“A thousand pounds!—hut tut! The woman’s beside herself. Why look about you and try where you can find a Catholic girl with a thousand pounds fortune, except in a gentleman’s family, where Dan could never think of going.”
“That’s thrue, any how, your Reverence,” observed Peter.—“A thousand pounds! Ellish! you needn’t look for it. Where is it to be had out of a gintleman’s family, as his Reverence says thrue enough.”
“An’ now, Docthor,” said Ellish, “what ’ud you think a girl ought to bring a young man like Dan, that’s to have four thousand pounds?”
“I don’t think any Catholic girl of his own rank in the county, could get more than a couple of hundred.”
“That’s one shillin’ to every pound he has,” replied Ellish, almost instantaneously. “But, Father, you may as well spake out at wanst,” she continued, for she was too quick and direct in all her dealings to be annoyed by circumlocution; “you’re desairous of a match between Dan an’ Miss Granua?”
“Exactly,” said the priest; “and what is more, I believe they are fond of each other. I know Dan is attached to her, for he told me so. But, now that we have mentioned her, I say that there is not a more accomplished girl of her persuasion in the parish we sit in. She can play on the bagpipes better than any other piper in the province, for I taught her myself; and I tell you that in a respectable man’s wife a knowledge of music is a desirable thing. It’s hard to tell, Mrs. Connell, how they may rise in the World, and get into fashionable company, so that accomplishments, you persave, are good, she can make a shirt and wash it, and she can write Irish. As for dancing, I only wish you’d see her at a hornpipe. All these things put together, along with her genteel connections, and the prospect of what I may be able to lave her—I say your son may do worse.”

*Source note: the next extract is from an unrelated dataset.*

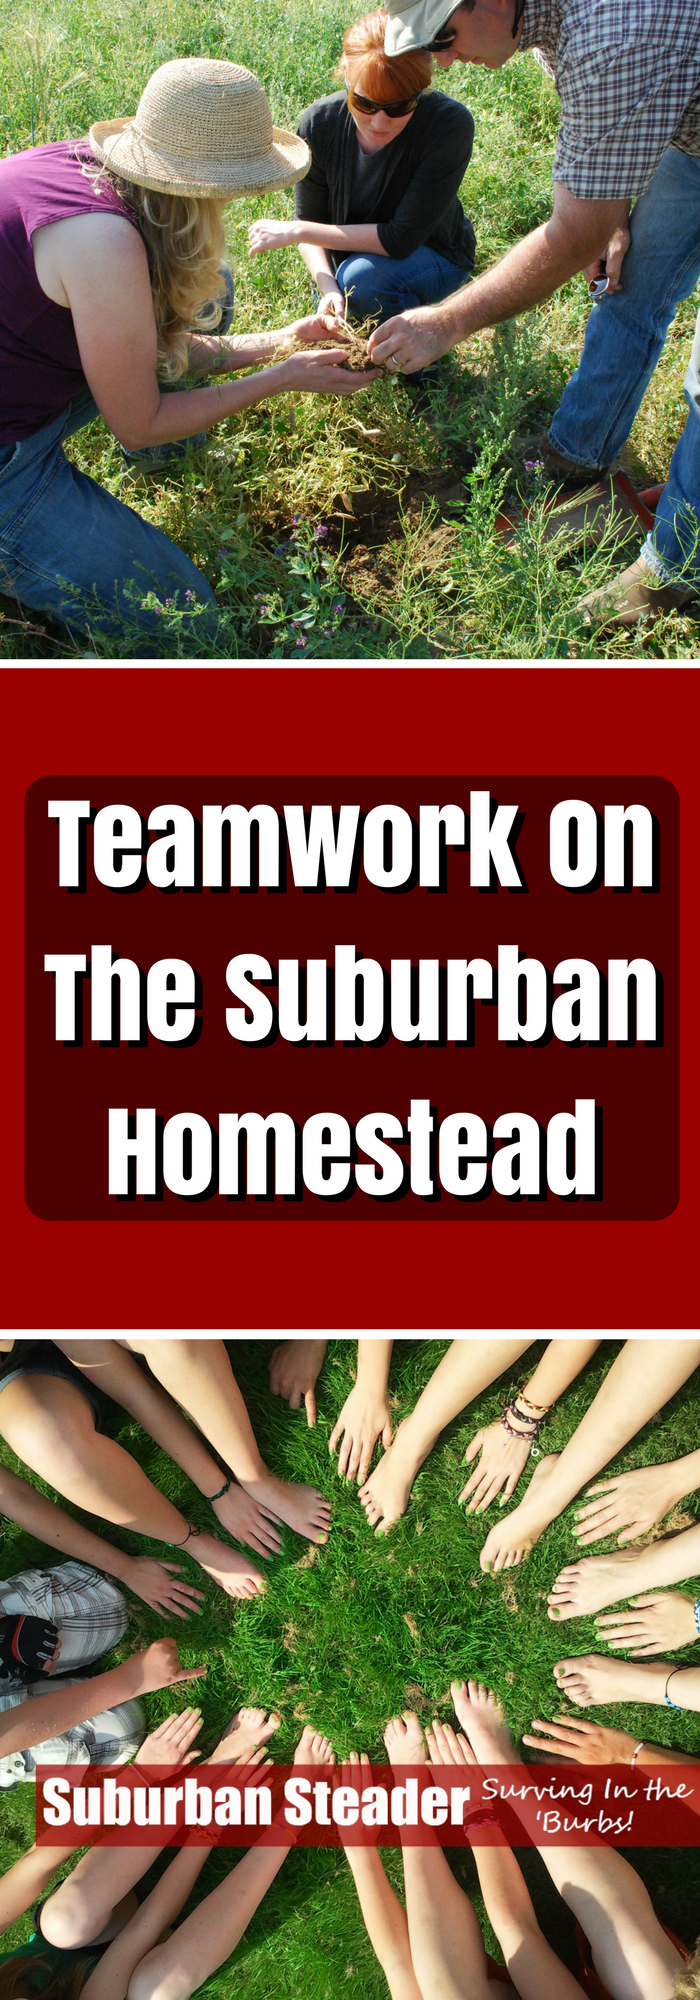 Teamwork On The Suburban Homestead

“It’s not what you’d lave her, sir, but what you’d give her in the first place, that I’d like to hear. Spake up, your Reverence, an’ let us know how far you will go.”
“I’m afeard, sir,” said Peter, “if it goes to a clane bargain atween yez, that Ellish will make you bid up for Dan. Be sharp; sir, or you’ll have no chance; faix, you won’t.”
“But, Mrs. Connell;” replied the priest, “before I spake up, consider her accomplishments. I’ll undertake to say, that the best bred girl in Dublin cannot perform music in such style, or on such an instrument as the one she uses. Let us contemplate Dan and her after marriage, in an elegant house, and full business, the dinner over, and they gone up to the drawing-room. Think how agreeable and graceful it would be for Mrs. Daniel O’Connell to repair to the sofa, among a few respectable friends, and, taking up her bagpipes, set her elbow a-going, until the drone gives two or three broken groans, and the chanter a squeak or two, like a child in the cholic, or a cat that you had trampled on by accident. Then comes the real ould Irish music, that warms the heart. Dan looks upon her graceful position, until the tears of love, taste, and admiration are coming down his cheeks. By and by, the toe of him moves: here another foot is going; and, in no time, there is a hearty dance, with a light heart and a good conscience. You or I, perhaps, drop in to see them, and, of course, we partake of the enjoyment.”